Fabrication of hybrid silica nanoparticles densely grafted with thermoresponsive poly(N-isopropylacrylamide) brushes of controlled thickness via surface-initiated atom transfer radical polymerization

This article reports on the fabrication of hybrid silica nanoparticles densely grafted with thermoresponsive poly(N-isopropylacrylamide) (PNIPAM) brushes and their thermal phase transition behavior. Surface-initiated atom transfer radical polymerization (ATRP) of N-isopropylacrylamide (NIPAM) was conducted in 2-propanol at ambient temperature using CuCl/CUCl2/tris(2-(dimethylamino)ethyl)amine (Me6TREN) as the catalytic system, starting from the surface of silica nanoparticles derivatized with ATRP initiators (0.35 nm(2)/initiator). The surface-initiated ATRP can be conducted in a well-controlled manner, as revealed by the linear kinetic plot, linear evolution of number-average molecular weights (M-n) versus monomer conversions, and the relatively narrow molecular weight distributions (M-w/M-n < 1.25) of the grafted PNIPAM chains.
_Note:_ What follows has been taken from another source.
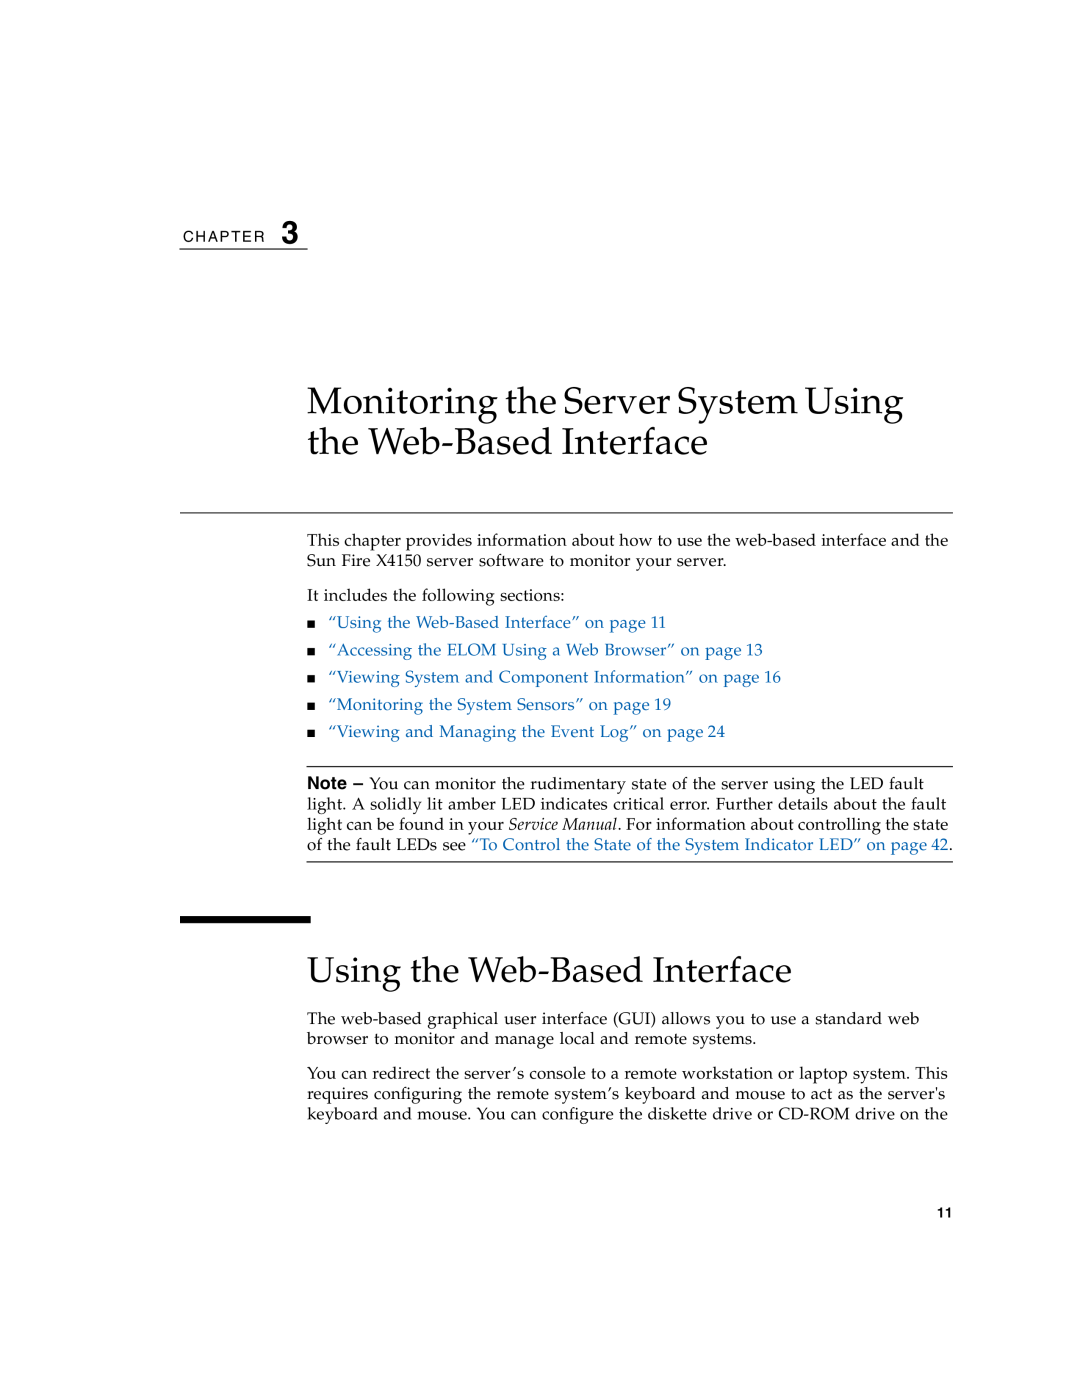 Sun Microsystems X4150 Monitoring the Server System Using the Web-Based Interface, “Using the Web-Based Interface” on page

The grafting density of PNIPAM chains, at the surface of silica nanoparticls was estimated to be 2.2 nm(2)/chain based on transmission electron microscopy (TEM) and thermogravimetric analysis (TGA) characterization results. Laser light scattering (LLS) and optical transmittance were then employed to study the thermal phase transitions of PNIPAM brushes at the surface of silica nanoparticles. Both the intensity-average hydrodynamic radius, < R-h >, and average radius of gyration, < R-h >, exhibit a two-stage decrease upon heating over the broad temperature range of 20-37 degrees C, which is in contrast to the fact that free PNIPAM homopolymer in aqueous solution exhibits a phase transition at ca. 32 degrees C within a narrow temperature range. The first phase transition takes place in the temperature range of 20-30 degrees C, which can be tentatively ascribed to the n-cluster-induced collapse of the inner region of PNIPAM brushes close to the silica core; the second phase transition occurs above 30 degrees C, which can be ascribed to the outer region of PNIPAM brushes, possessing much lower chain density compared to that of the inner part. We tentatively expect that the observed unique double phase transition behavior of polymer brushes coated at the surface of inorganic nanoparticle cores can be further utilized to fabricate novel narrostructured devices with more complex functions.